Following the release of ChatGPT in late 2022, the significant developments in artificial intelligence (“AI”) over the last several years – and in generative AI in particular – have caught the attention of investors and business leaders throughout Canada. In Ontario alone, there have been approximately $1.16 billion in AI-related venture capital investments over the past year, with 312 companies investing in the Ontario AI ecosystem and 27 new AI companies established in the province. In addition, there has been a 23% increase in AI research and development spending or budgets, with 68% of chief executive officers reporting adopting AI solutions and 248 new AI-related patents filed across Canada.1
This increased investment activity in the AI industry has been driven primarily by generative AI; however, the scope of potential AI applications is much broader and, like other general purpose technologies, will be implemented across virtually every industry over time. Like every new technology, AI’s potential benefits also introduce new and complex risks. Where a potential transaction involves AI assets, organizations should conduct detailed due diligence to ensure they are able to unlock the potential value of these assets and avoid or account for the associated risks.

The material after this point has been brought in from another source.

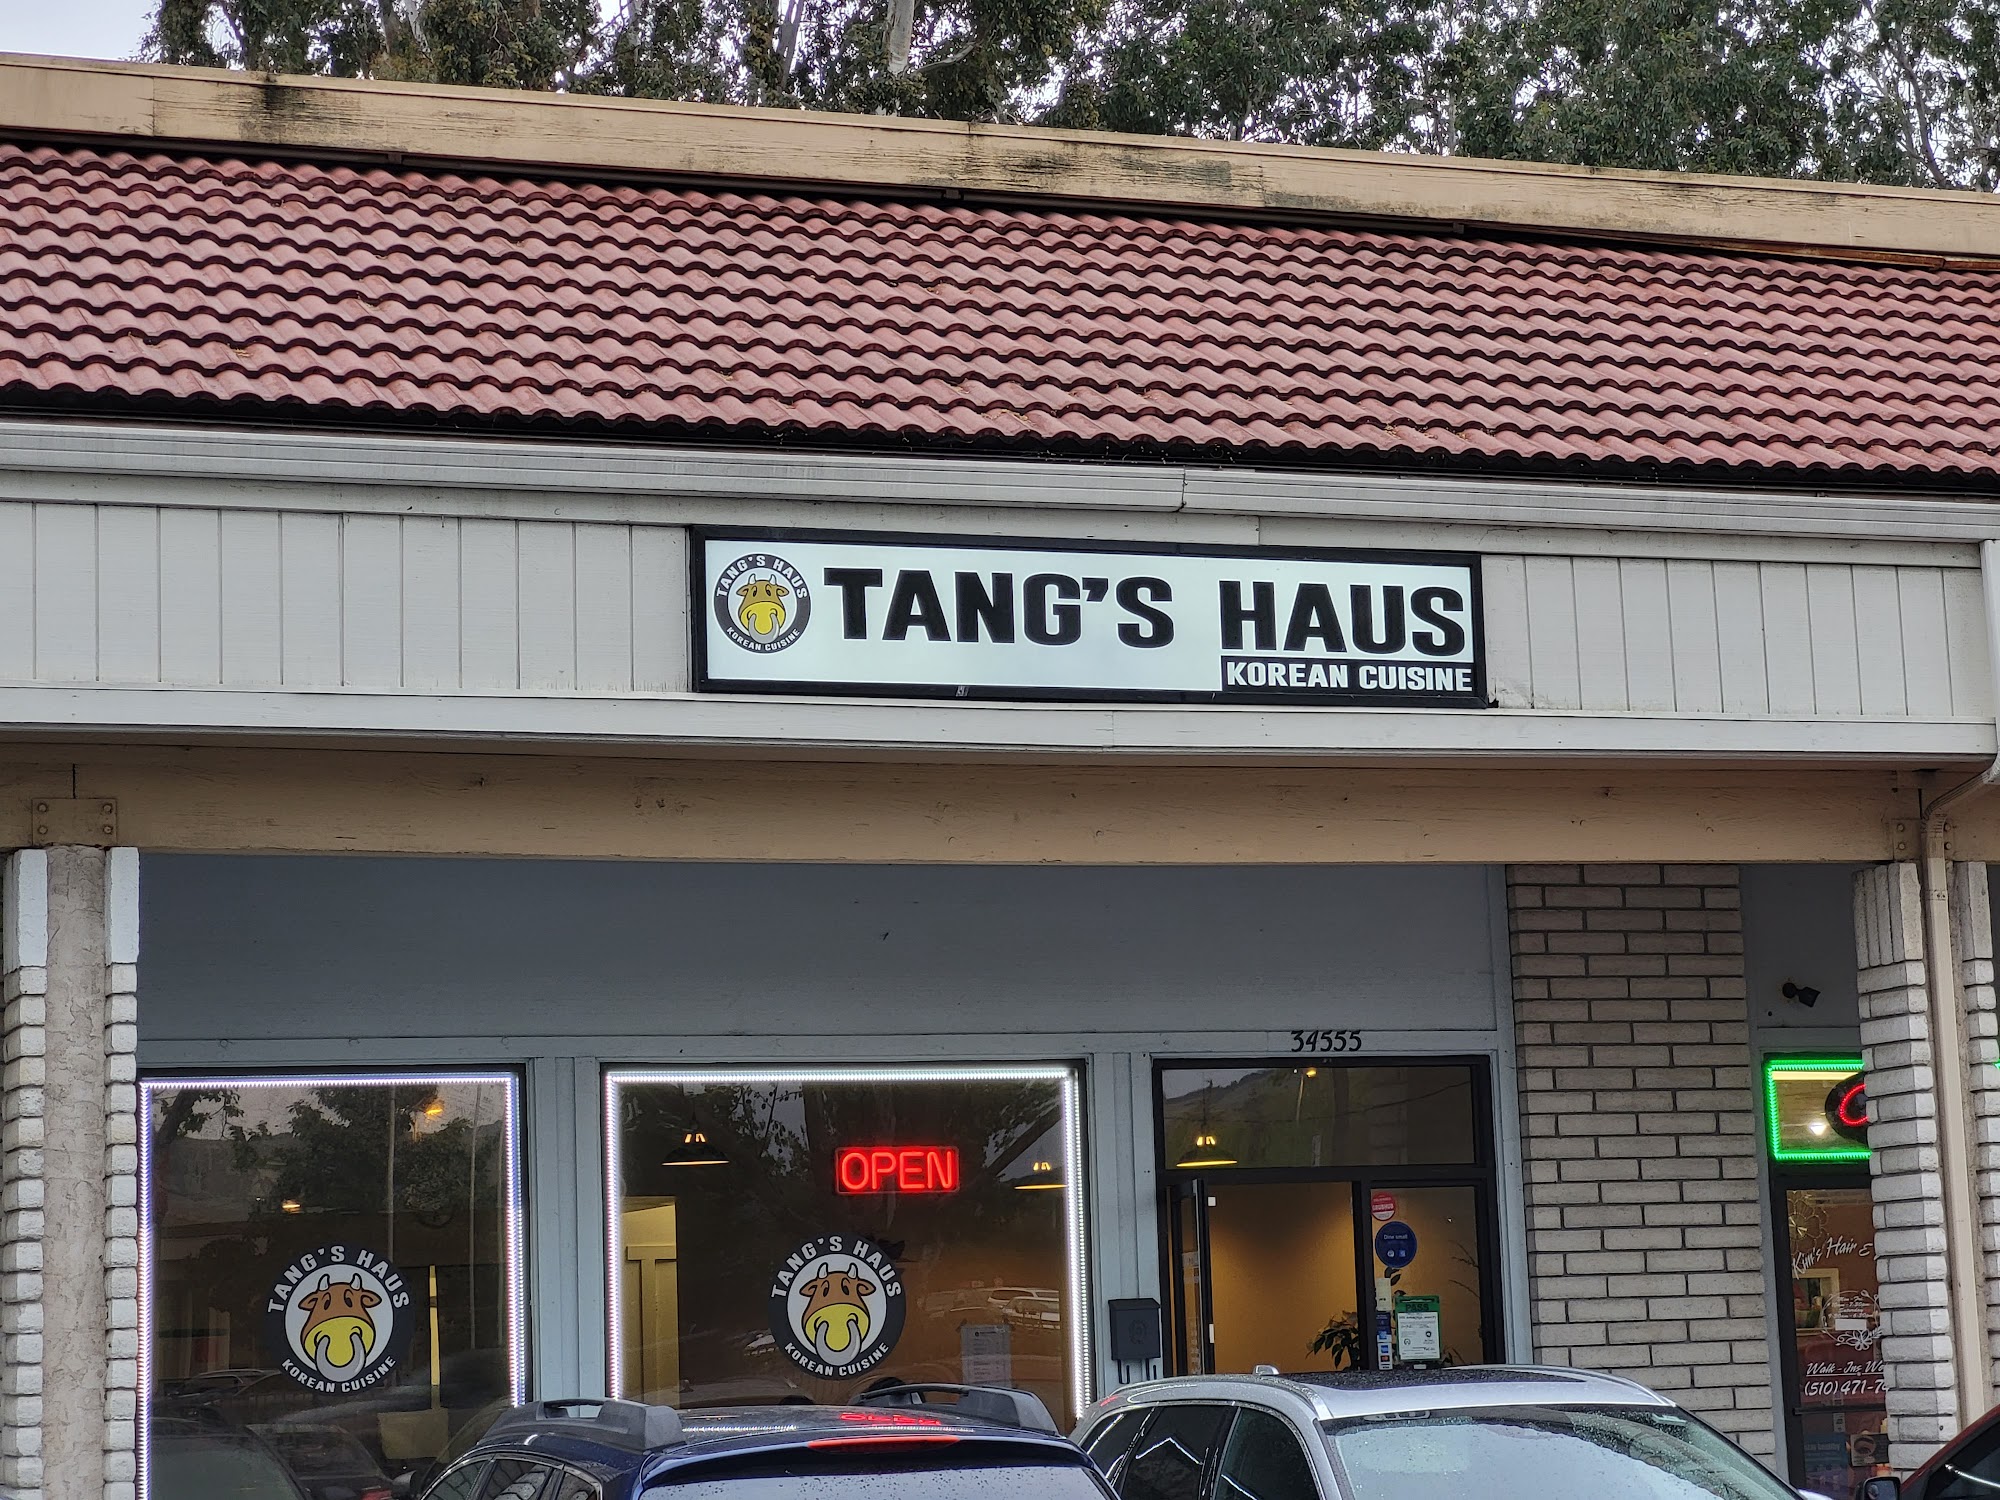 Tangs Haus

This article summarizes issues that will be consistent among AI-related transactions. We note, however, each transaction will have its own unique set of issues to be considered in the due diligence process. Organizations looking to acquire an AI company or a company with AI assets should consider their particular circumstances – for example, their intended use of the AI assets or industry-specific regulatory concerns – as well as the unique characteristics of the AI company or assets.
Overview of AI
AI is a broad term that encompasses efforts to create machines capable of “intelligent” behavior, to “think” and act like humans so they can make decisions based on data. Early implementations relied on rule-based systems; however, these systems were limited by their creators’ ability to craft a set of comprehensive rules. Recently, machine learning (“ML”) algorithms have advanced to learn from data rather than following explicitly programmed instructions. As computational power and the quantity and quality of datasets increased, researchers were able to implement more complex algorithms, enabling the creation of artificial neural networks (“neural networks”).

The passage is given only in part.